Sweats, you got the machine that you worked out within your budget and expected application will work best for you. I am sure you will be VERY satisfied with it. The 3203 is a fine machine! Congratulations and enjoy the seat time. Please be sure to post some pics of your tractor time in action! :thumbsup: We wanna see her good N muddy!


----------



## Scorpion (Jun 26, 2007)

Snoy,

I looked at the 3203 last year but stepped up to the 3120 instead.
I traded my 2-year-old 2210 with 400 hrs on the clock.

I wanted the 72" MMM and never looked back. We have about 6 acres with 3 horses so I'm using the MMM to cut my pastures. 

About 70% of the time I'm cutting the lawn around the house, I just love the way this 7 Iron deck cuts. I couldn't justify the cost for both MMM and Bush hog.

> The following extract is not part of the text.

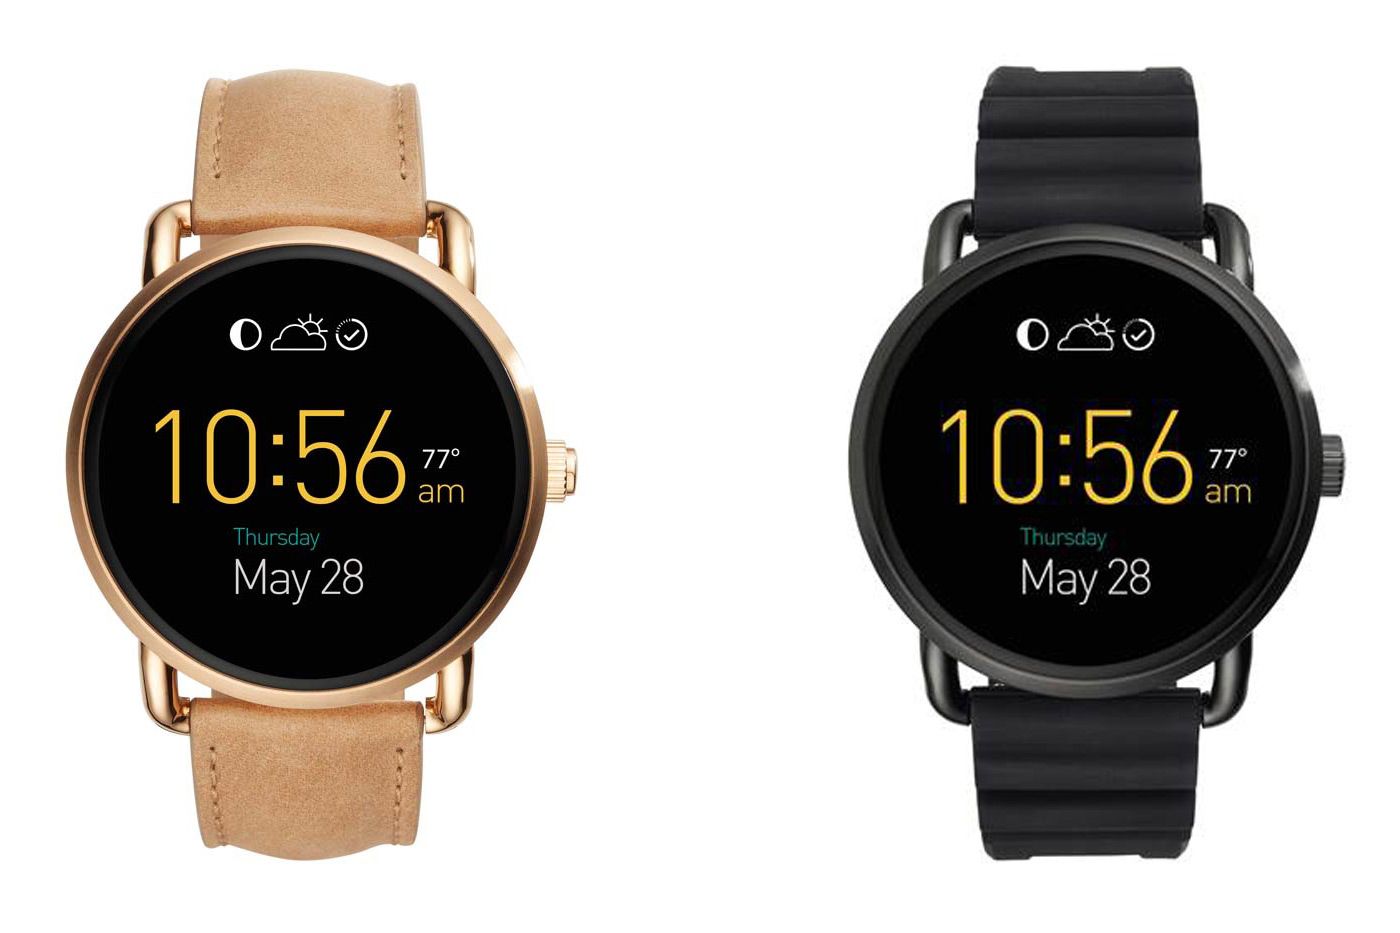 fossil s connected device lineup adds two android wear watches and more image 12

I don't think the 3203 has cruse control, great feature!

Any way you can't go wrong, I bet you will love your new John Deere.

Scorpion


----------



## snoyl (Mar 8, 2007)

Hi All 
Have been really busy with work so i havent been on much. Anyway i finily got my tractor. Was going to get the 3120 with 300x loader, pallet forks, loaded tires. Brand new 0 hours $21439.00 Instead got a 3320 215 days old at anouther dealer, 300x loader, pallet forks, loaded tires .7 hours on the clock. $21800 I thought that was a steal. I am very happy with it. Will send some pics when i get a chance and can fiquer out how.
Snoyl


----------



## Scorpion (Jun 26, 2007)

Snoyl,

Lots of pictures, your going to just love that machine.

Where about in NE PA you live. We used to live in Zelieople and moved to Ohio about 3 years ago.

I'm in sales and I know Erie area very well.

Scorpion


----------



## JDFANATIC (Dec 28, 2005)

Congrats on your new 3320! I don't think you'll be looking back.


----------